ALP, alkaline phosphatase; LDLc, low-density lipoprotein cholesterol; HDLc, high-density lipoprotein cholesterol; TG, triglycerides; BUN, blood urea nitrogen; Cr, creatinine; cCa, corrected calcium; P, phosphate; CRP, C-reactive protein.

aThese variables are shown in the original scale after using log-transformed values.

Discussion

We demonstrated here that switching from PO to IV administration of l-carnitine therapy significantly increased serum levels of all the carnitine fractions (total, free and acyl carnitine levels) in HD patients. Furthermore, switching to IV therapy also significantly increased HDL-cholesterol and decreased FFA levels in HD subjects, and ΔFFA values were positively correlated with the Δacyl/free carnitine ratio.

Low HDL-cholesterol levels are one of the strongest risk factors that could predict future cardiovascular events in high-risk patients, including HD subjects [9, 13, 14]. Indeed, HDL-cholesterol levels were inversely associated with high-sensitive CRP values, one of the independent factors predicting mortality in patients with HD [15, 16]. Furthermore, Barter et al. [9] have demonstrated that HDL-cholesterol levels are predictive of major cardiovascular events in statin-treated high-risk patients for CVD with low LDL-cholesterol levels. These observations suggest that low HDL-cholesterol might be a residual risk for CVD and a novel therapeutic target even in HD patients whose LDL-cholesterol values were well-controlled [17]. We have previously found that oral l-carnitine supplementation significantly increases LDL-cholesterol and TG levels, but it did not affect HDL-cholesterol values in patients with HD [18]. In this study, switching to IV injection therapy with l-carnitine significantly increased HDL-cholesterol levels and had a tendency to decrease the LDL–HDL ratio. These results suggest that IV therapy of l-carnitine might be superior to PO treatment in restoring the carnitine levels and increasing the HDL-cholesterol values, which could lead to the risk reduction of future cardiovascular events in patients with HD.

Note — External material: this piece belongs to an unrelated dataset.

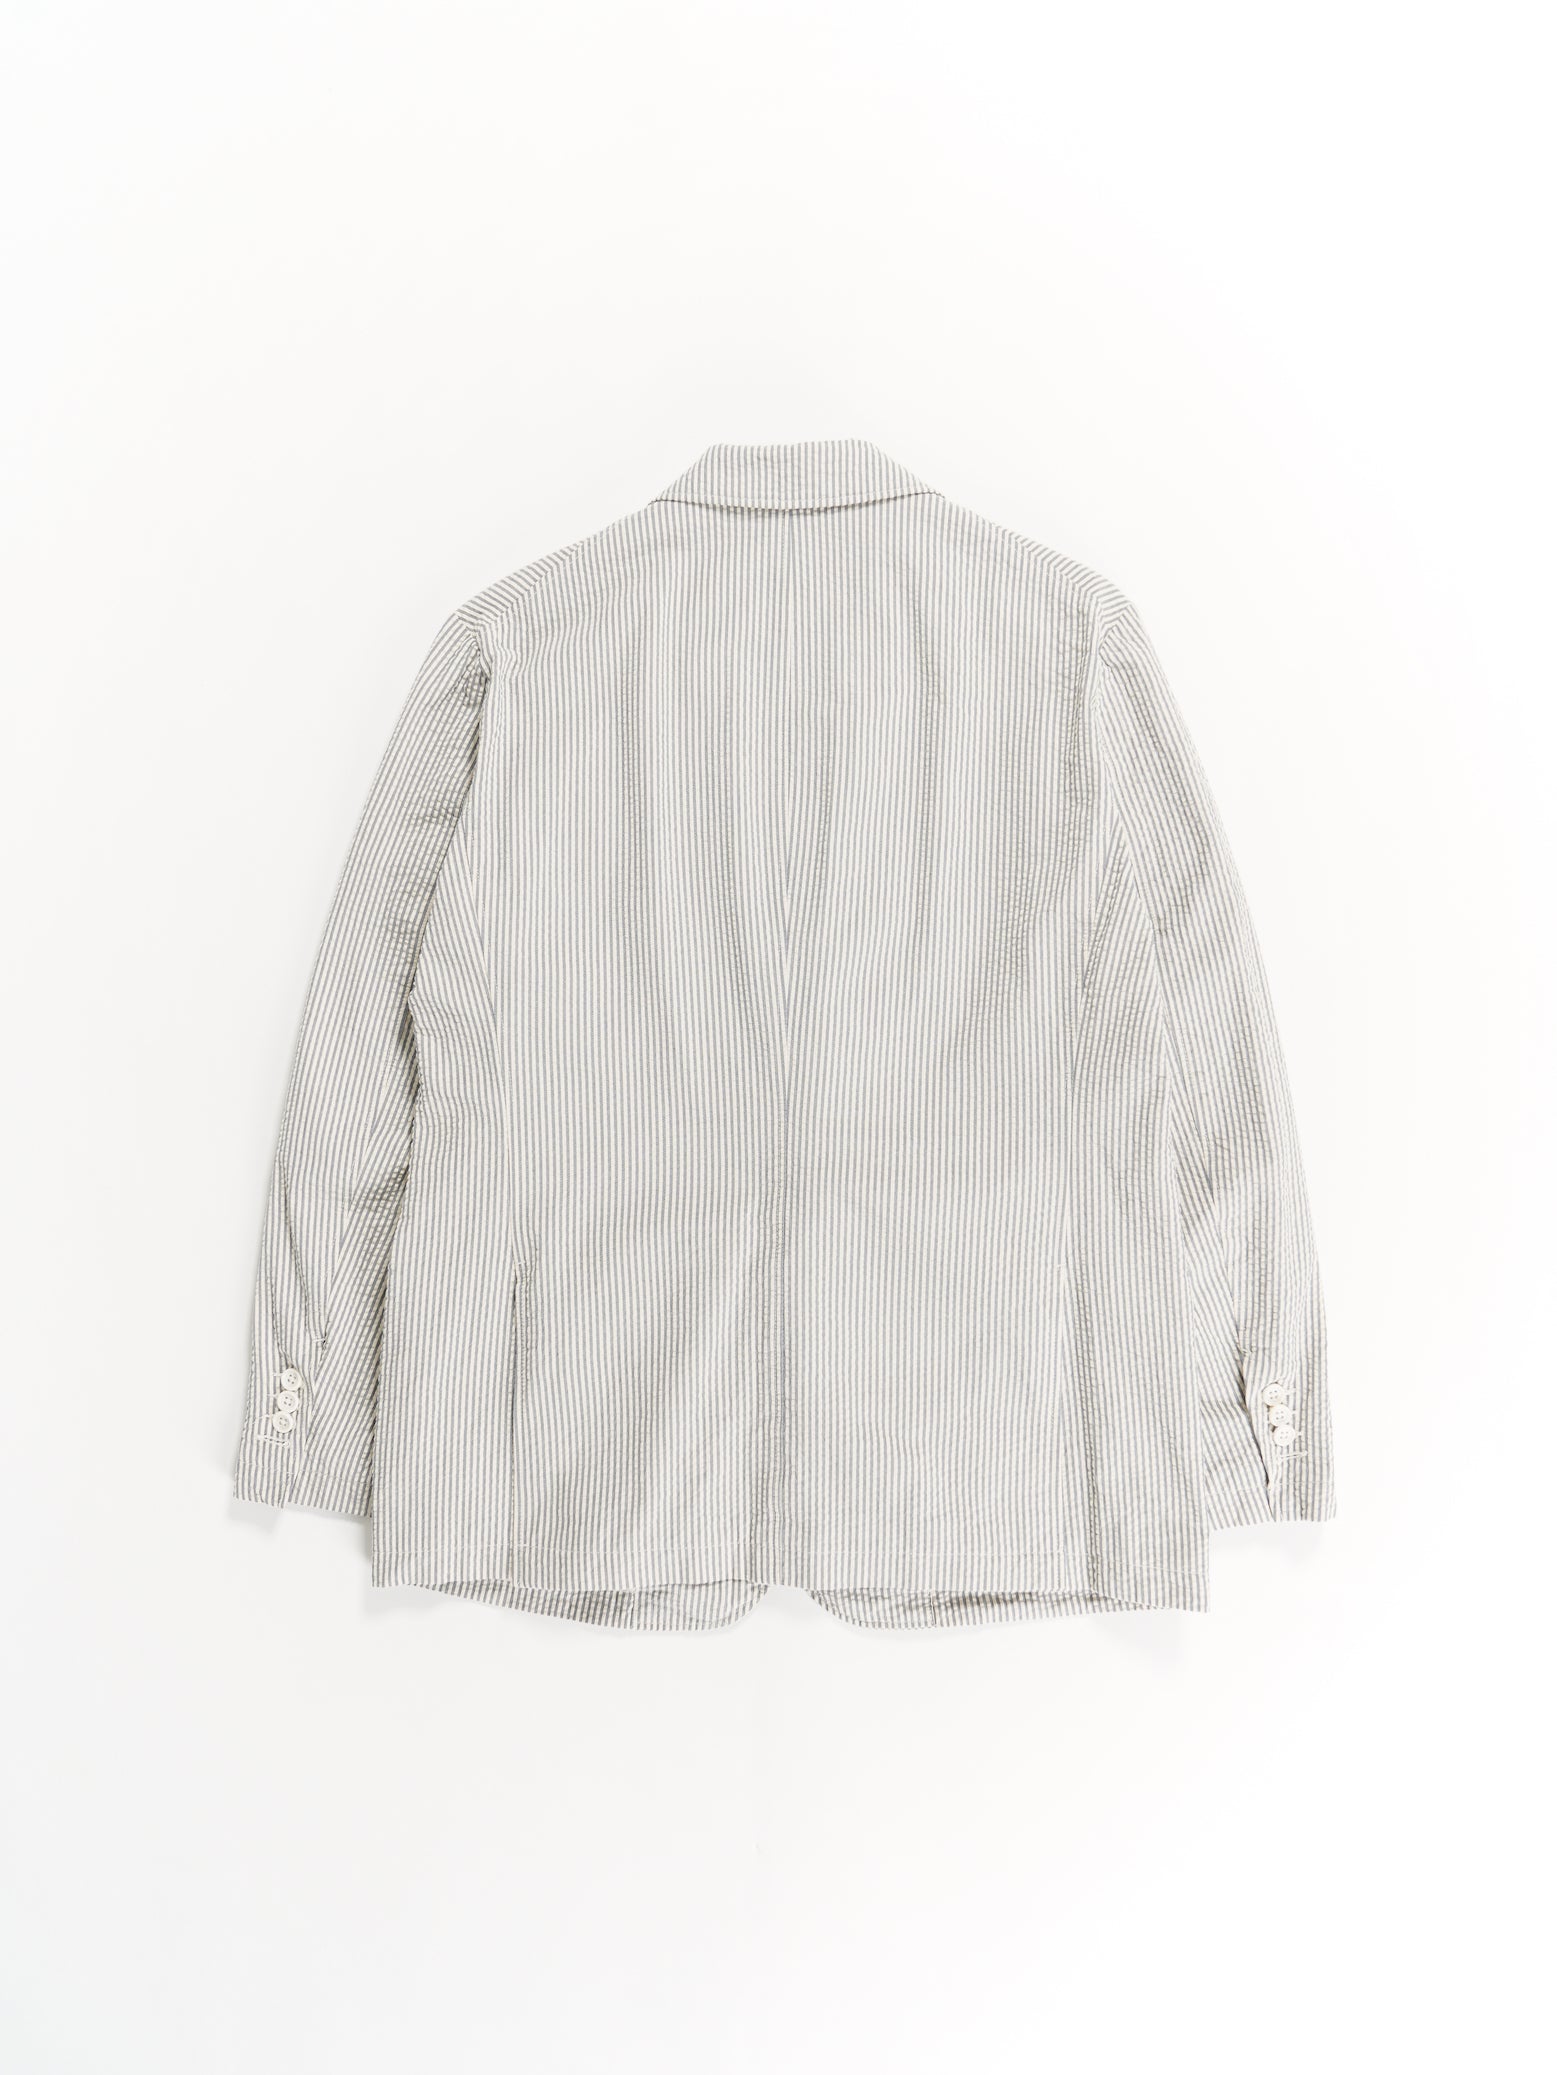 Andover Jacket - Navy / Natural Cotton Seersucker

Circulating levels of FFA were higher in uremic patients, which were associated with high-sensitivity CRP values and carotid atherosclerosis [1922]. These observations suggest that circulating FFA levels might also be a marker of CVD and death in patients with HD [19, 20]. In this study, switching from PO to IV administration of l-carnitine significantly reduced serum FFA values in HD patients. Although we did not know the exact mechanism by which IV l-carnitine therapy decreased the FFA values in our subjects, carnitine is known to be indispensable in transporting FFA into the mitochondrial matrix for β-oxidation. Therefore, increased carnitine levels by IV supplementation therapy could improve the clearance of circulating FFA and resultantly reducing the values in HD patients. Another possibility is that the decreased ratio of acyl/free carnitine by IV carnitine supplementation therapy might be involved in the reduction of FFA levels, because the Δacyl/free carnitine ratio was positively and independently associated with ΔFFA values in our subjects. The acyl/free carnitine ratio is increased in patients with HD [2], and long-term carnitine supplementation has been shown to reduce the acyl/free carnitine ratio in these patients [23]. Because free carnitine could remove an excess of acyl CoA intermediates from mitochondria as acyl carnitine as well [24], the increased acyl/free carnitine ratio could impair the metabolism of FFA, thus leading to the elevation of FFA values in patients with HD. Furthermore, acyl carnitine is reported to induce oxidative stress generation and cause insulin resistance in HD subjects [24]. In addition, administration of l-carnitine has been shown to inhibit protein glycation and oxidative stress generation in precataractous lens from fructose-fed rats [25]. Therefore, impaired balance of total, free and acyl carnitine levels might partly explain the increased risk for CVD in patients with HD.

Conclusion

This study demonstrated that switching to IV from PO administration of l-carnitine therapy improved lipid profiles, thus supporting the clinical utility of IV l-carnitine supplementation in HD patients. However, our sample size was small, the observational period short and there was no untreated control group. Therefore, we cannot totally exclude the risk of a type 1 error. Further longitudinal and multicenter studies with large sample size are needed to clarify whether switching to IV administration of l-carnitine could improve lipid abnormalities and resultantly decrease future CVD events in HD subjects.

Acknowledgments

This work was supported in part by a Grant-in-Aid for Welfare, and Scientific Research (C) (no. 25461239) from the Ministry of Education, Culture, Sports, Science and Technology of Japan (K.F) and by Grants of MEXT-Supported Program for the Strategic Research Foundation at Private Universities, the Ministry of Education, Culture, Sports, Science and Technology (MEXT), Japan (S.Y.).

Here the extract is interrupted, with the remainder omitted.